▶ _Supplied material_
____________

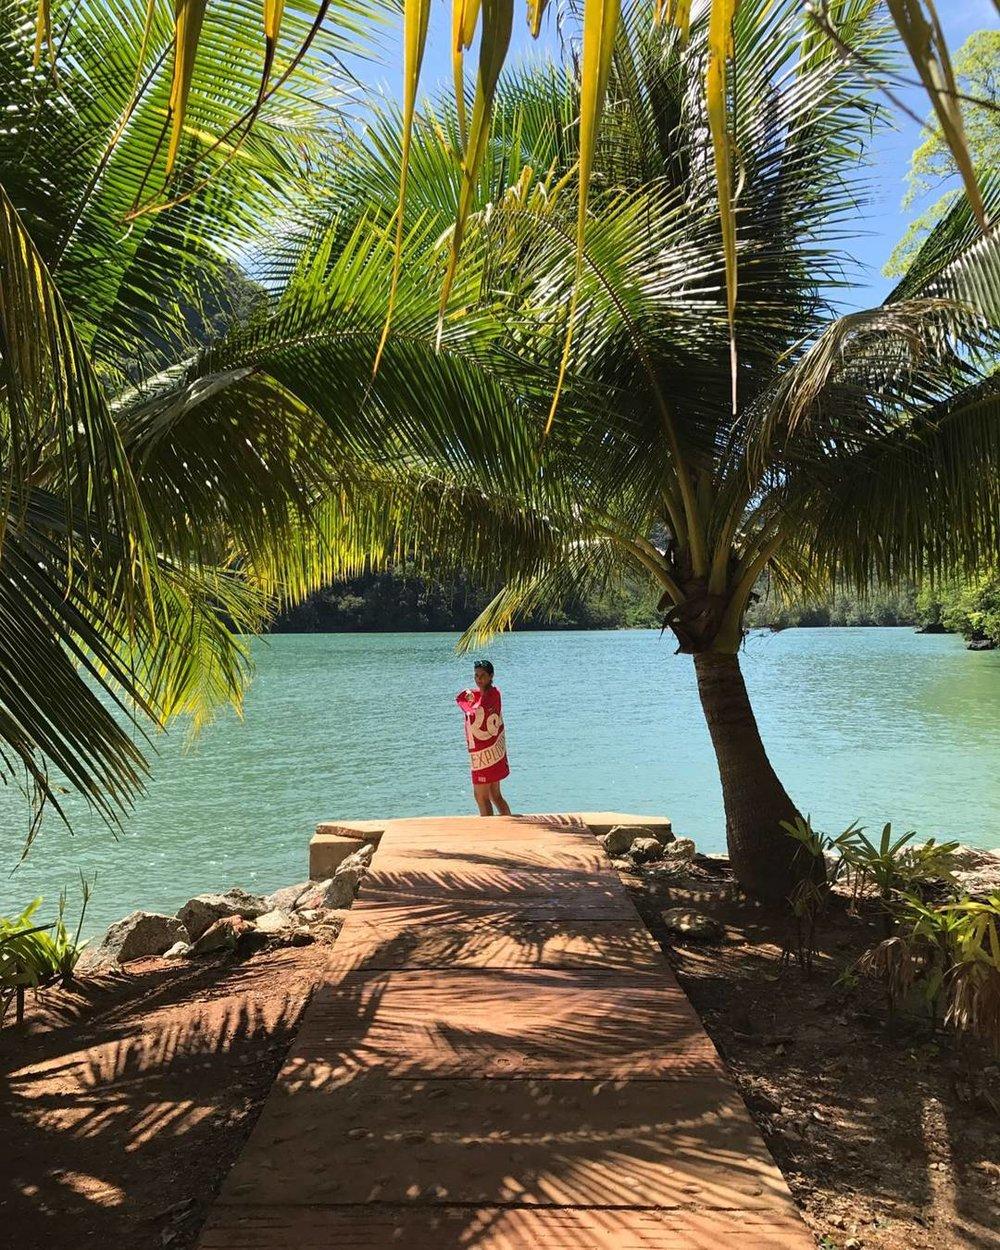 Celebrating bright, warm days, @macklepinoe takes the flag to Pulau Beras Basah
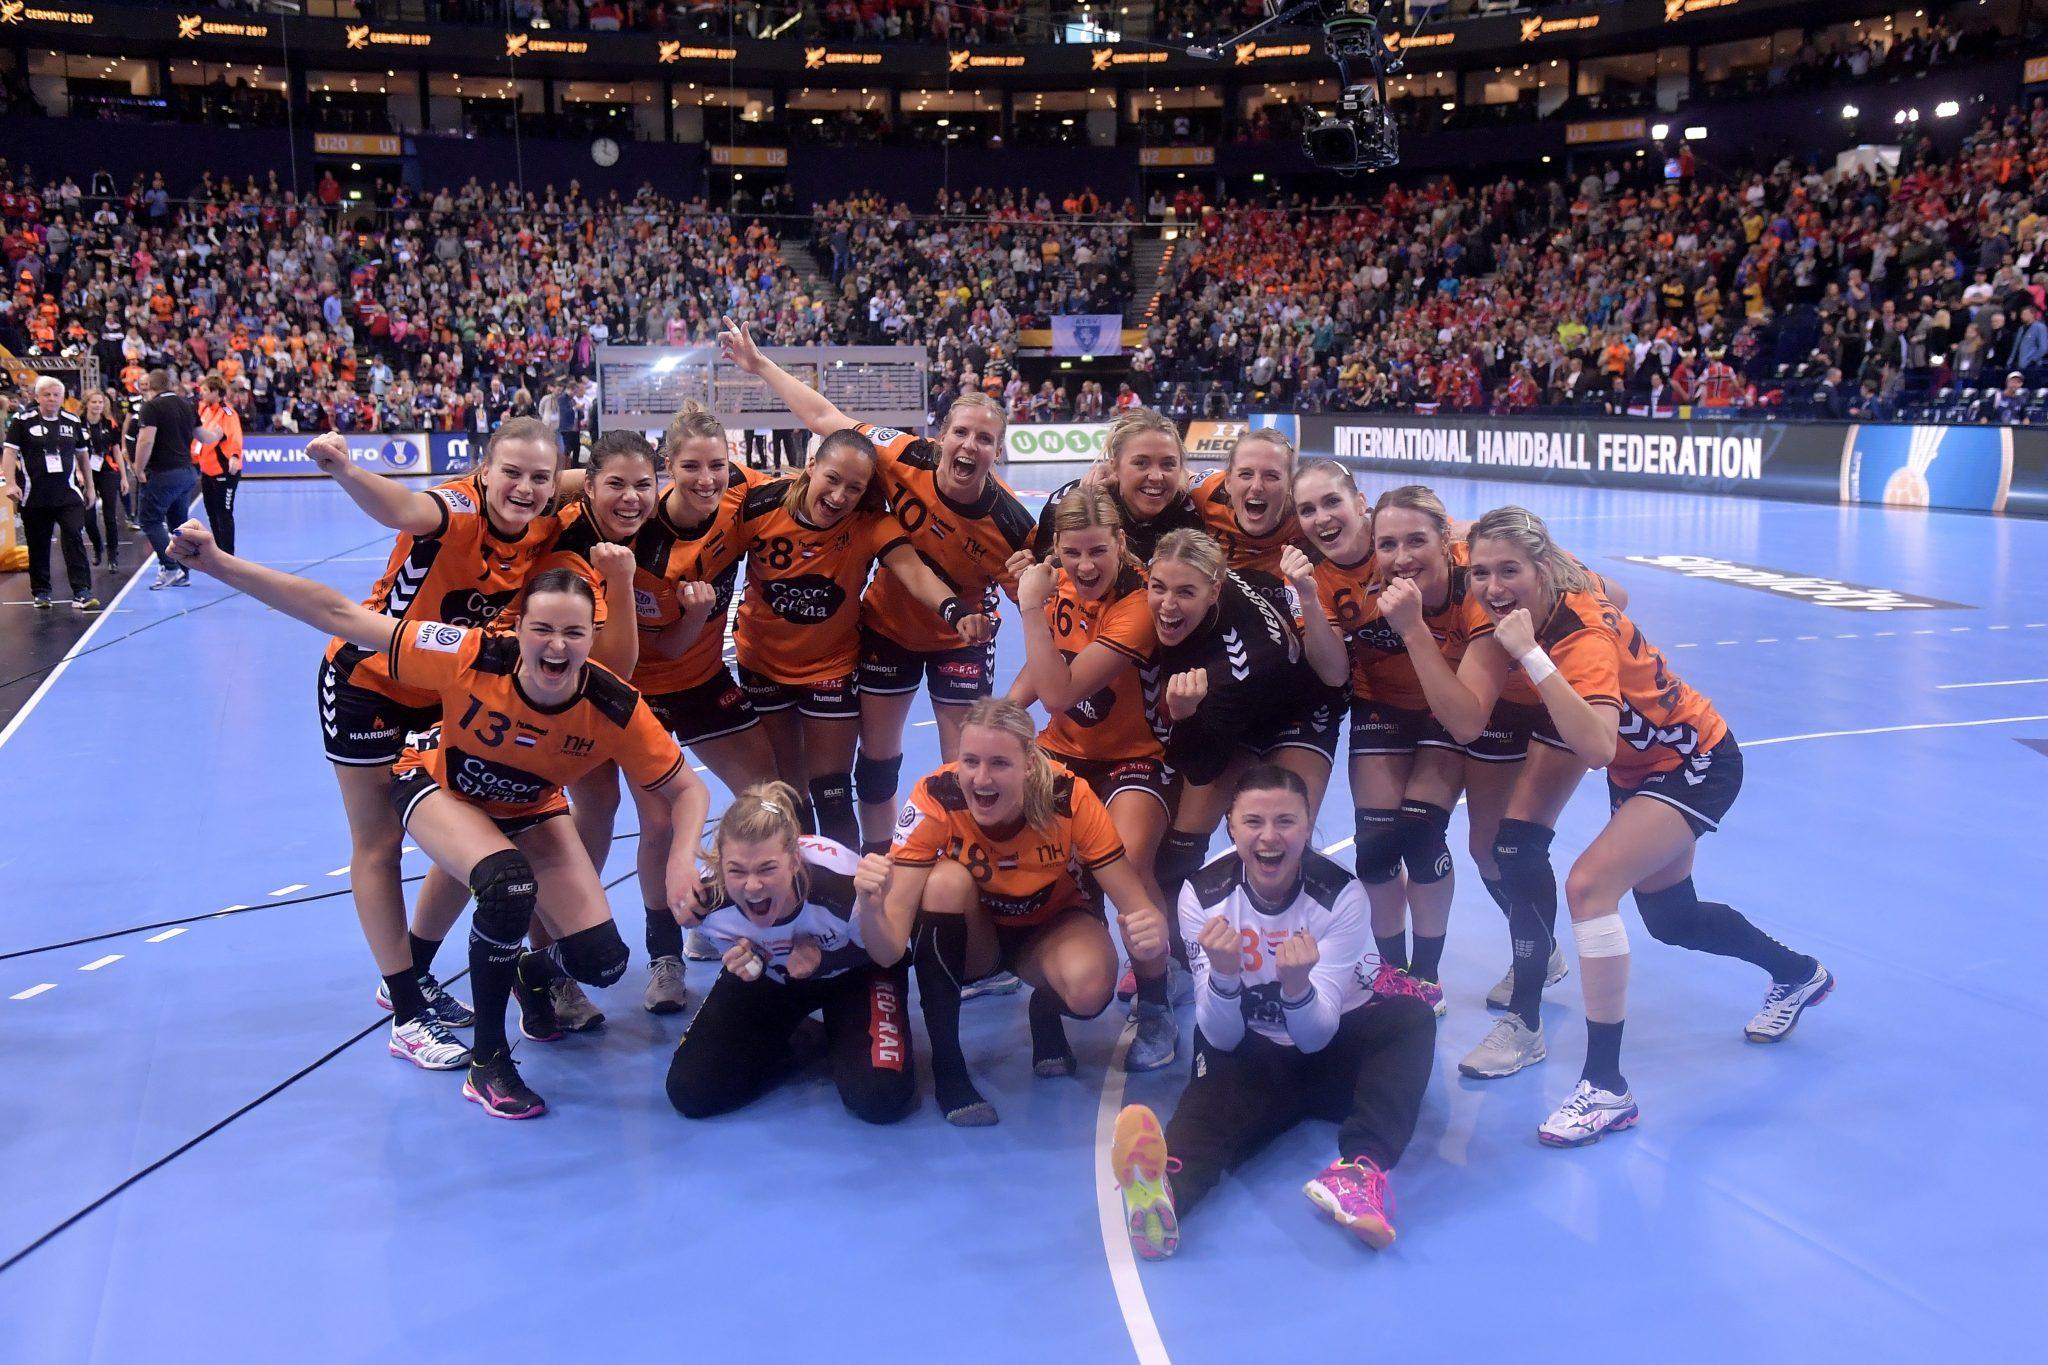 17-12-2017 HANDBAL:NEDERLAND-ZWEDEN:HAMBURG WK Handbal Dames 2017 3/4 Plaats, Nederland-Zweden 24-21 Nederland Wint De Bronzen Medaille De Overwinningsfoto  Foto: Henk Seppen
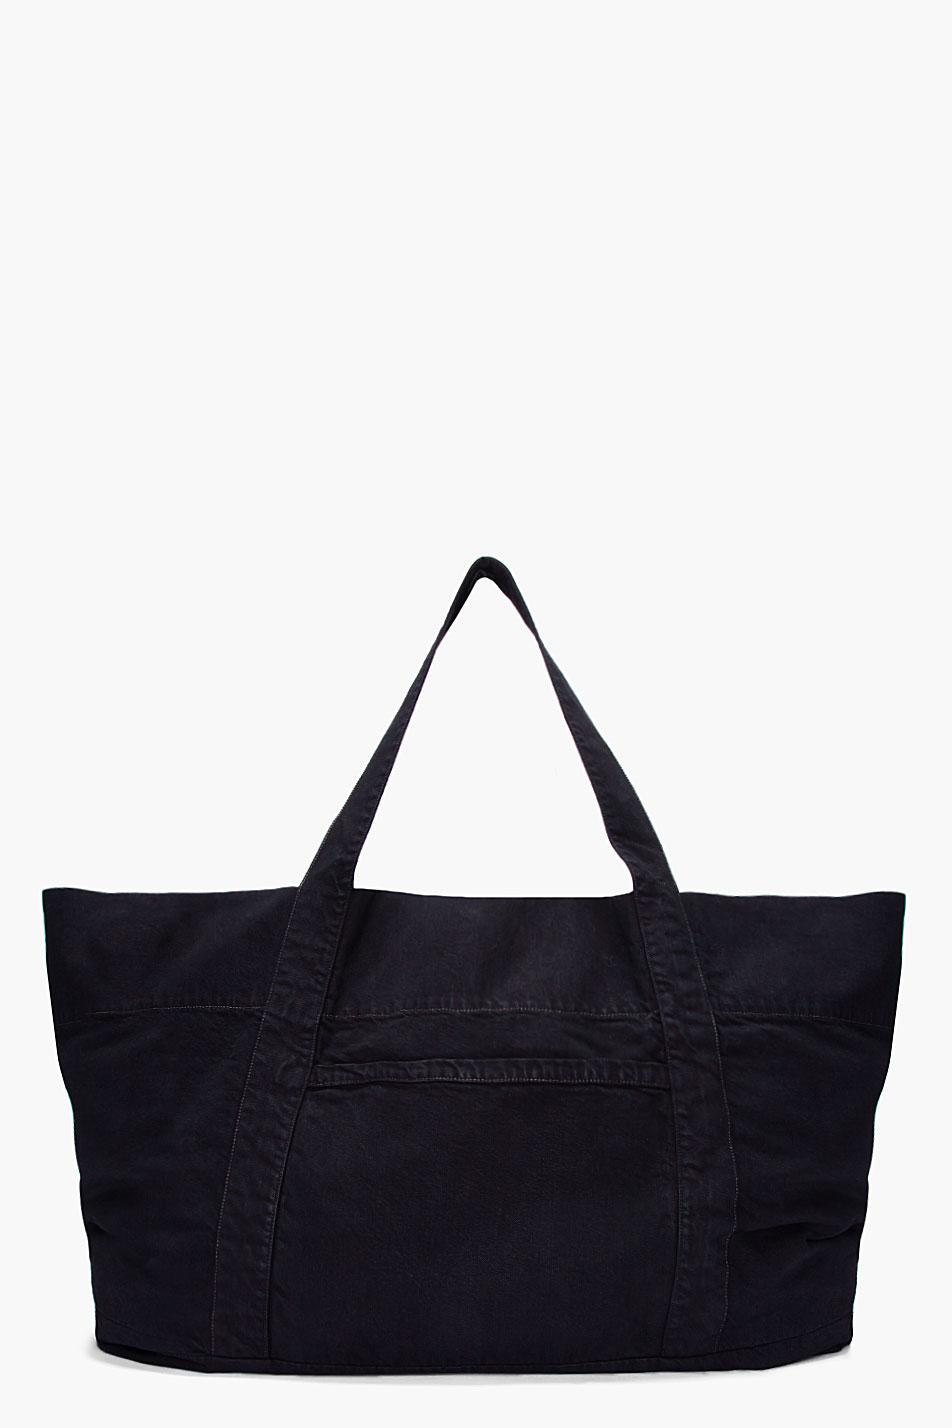 Drkshdw by rick owens Oversize Black Denim Beach Bag in Black for ...
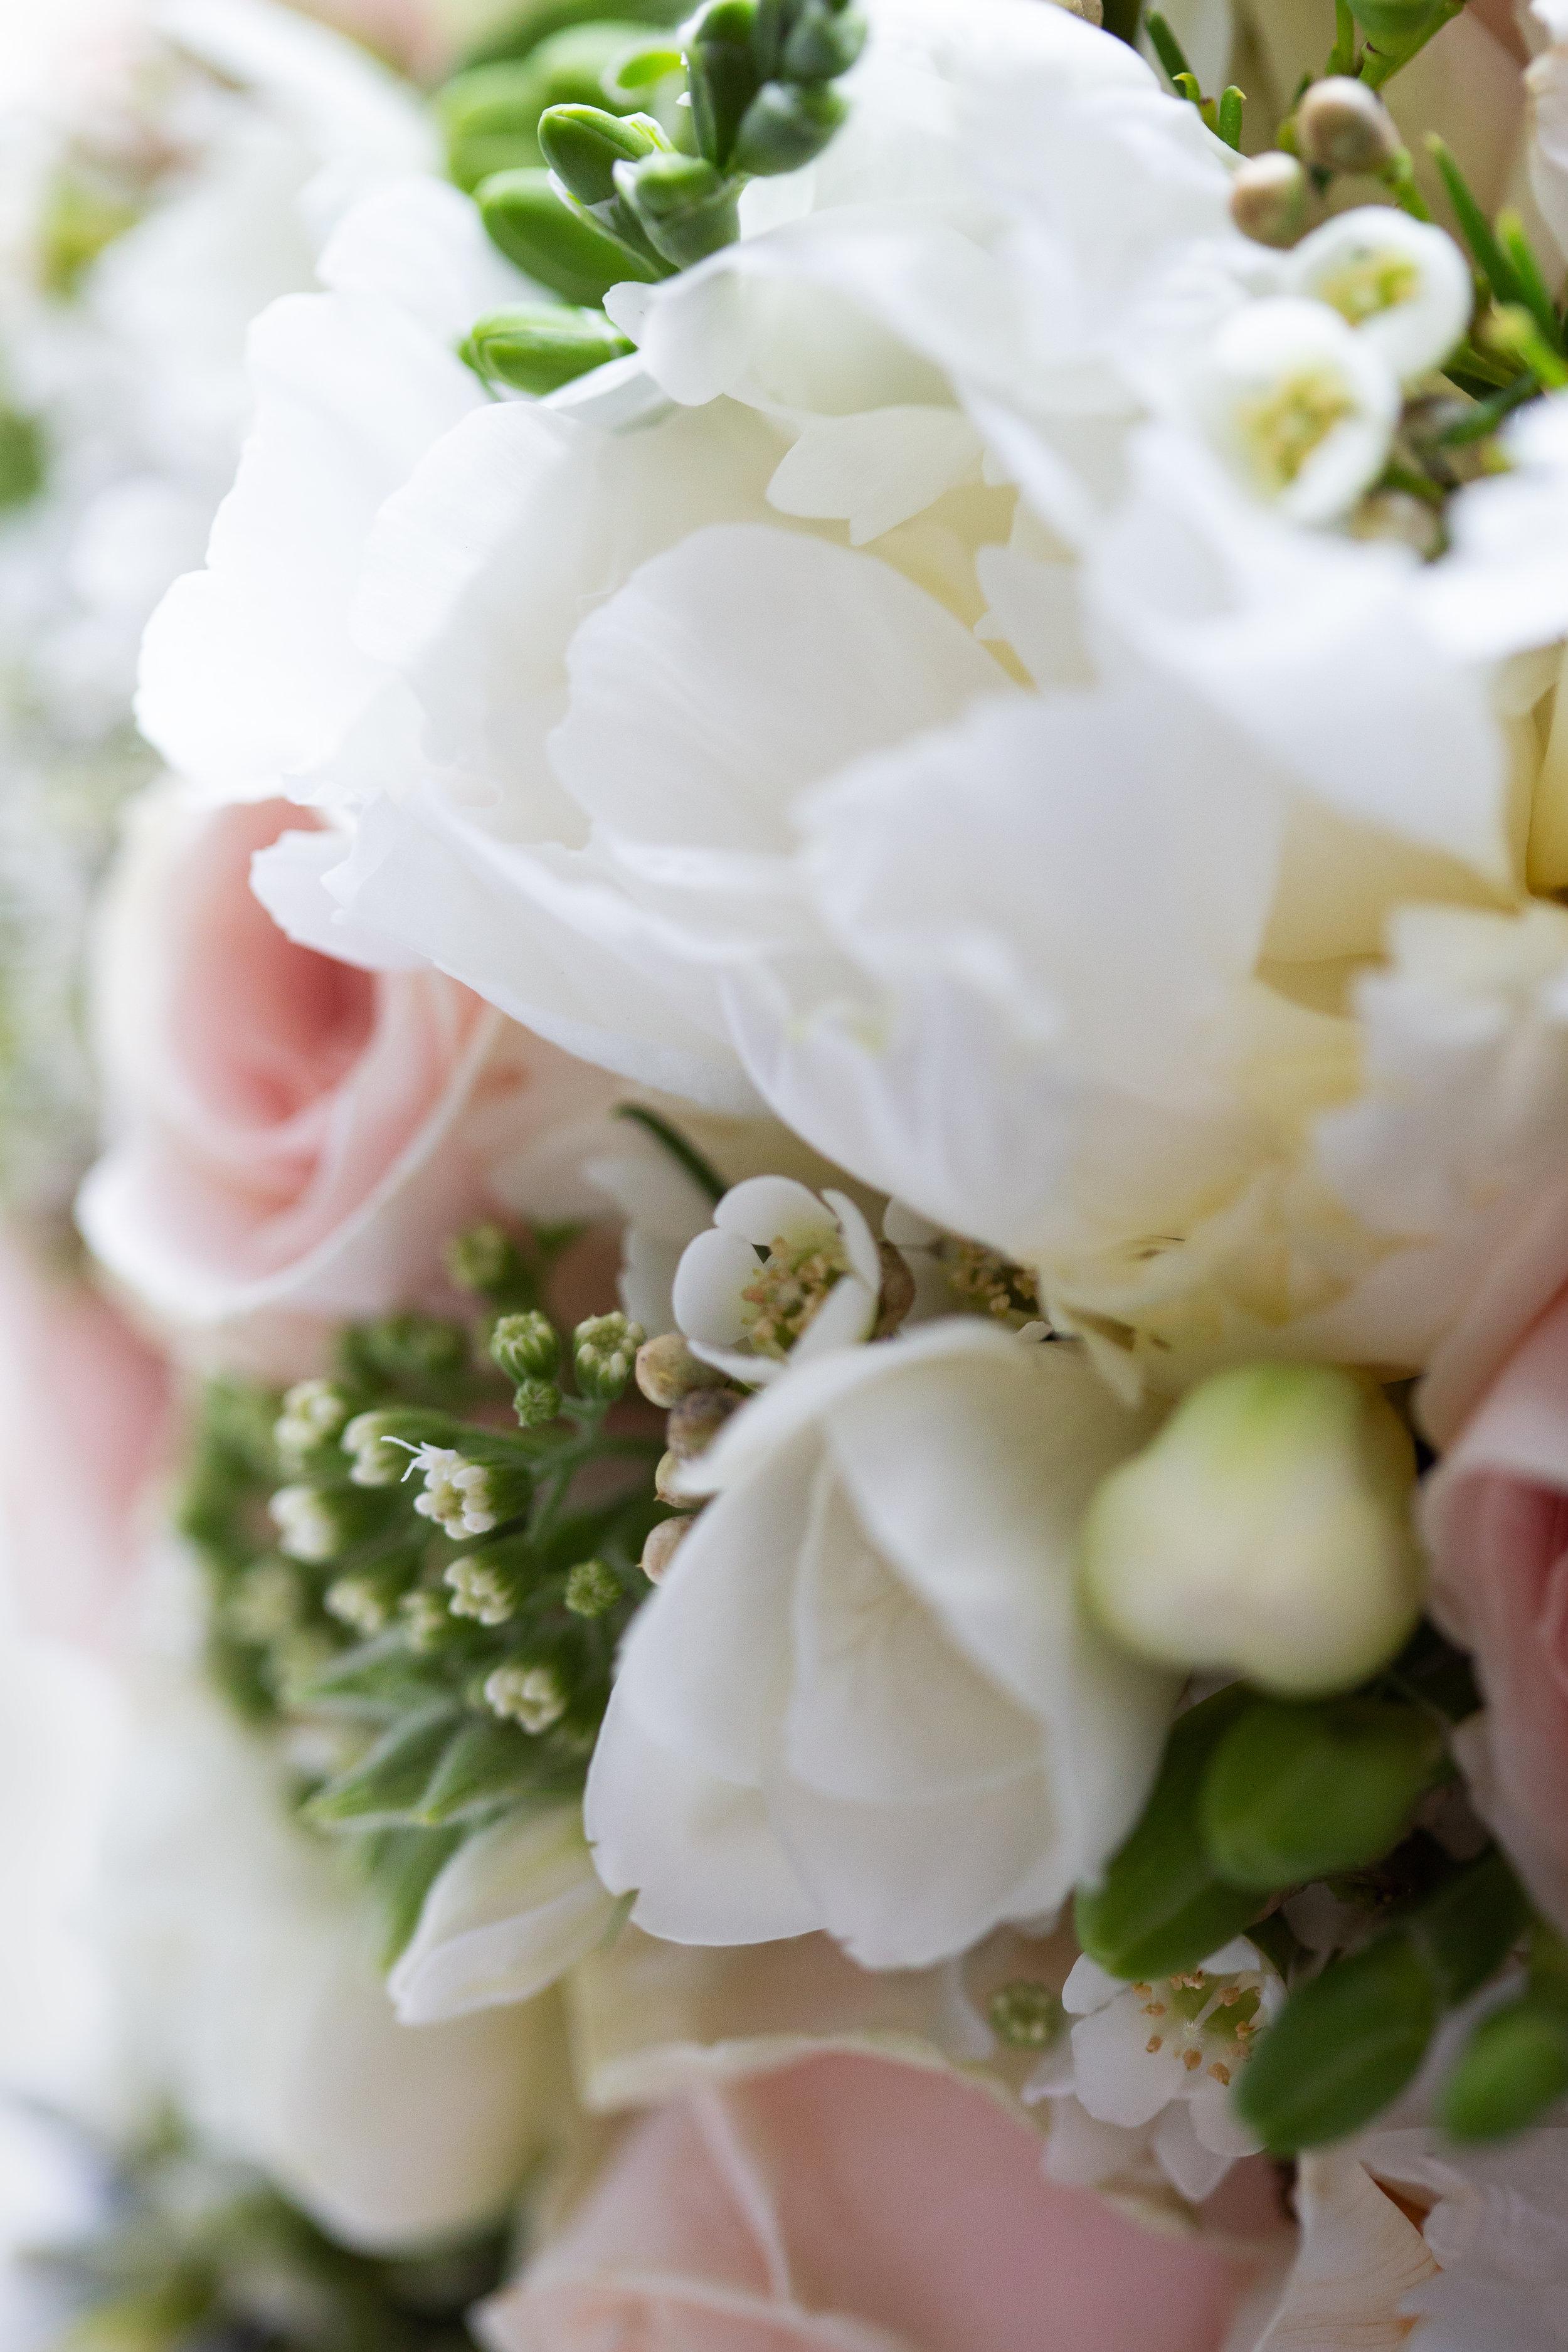 wedding-lea-cooper-photography-willenhall-west-midlands-wolverhampton-dudley-birmingham-uk-marriage-hadley-park-east-telford-flower-details.jpg

____________

▶ _What you need to do_
Find the line containing "17-12-2017 HANDBAL:NEDERLAND-ZWEDEN:HAMBURG WK" in the listing above. Restate it and every line after it, word for word, through the final line, leaving out the pictures.

▶ _Solution for this problem_
 17-12-2017 HANDBAL:NEDERLAND-ZWEDEN:HAMBURG WK Handbal Dames 2017 3/4 Plaats, Nederland-Zweden 24-21 Nederland Wint De Bronzen Medaille De Overwinningsfoto  Foto: Henk Seppen
 Drkshdw by rick owens Oversize Black Denim Beach Bag in Black for ...
 wedding-lea-cooper-photography-willenhall-west-midlands-wolverhampton-dudley-birmingham-uk-marriage-hadley-park-east-telford-flower-details.jpg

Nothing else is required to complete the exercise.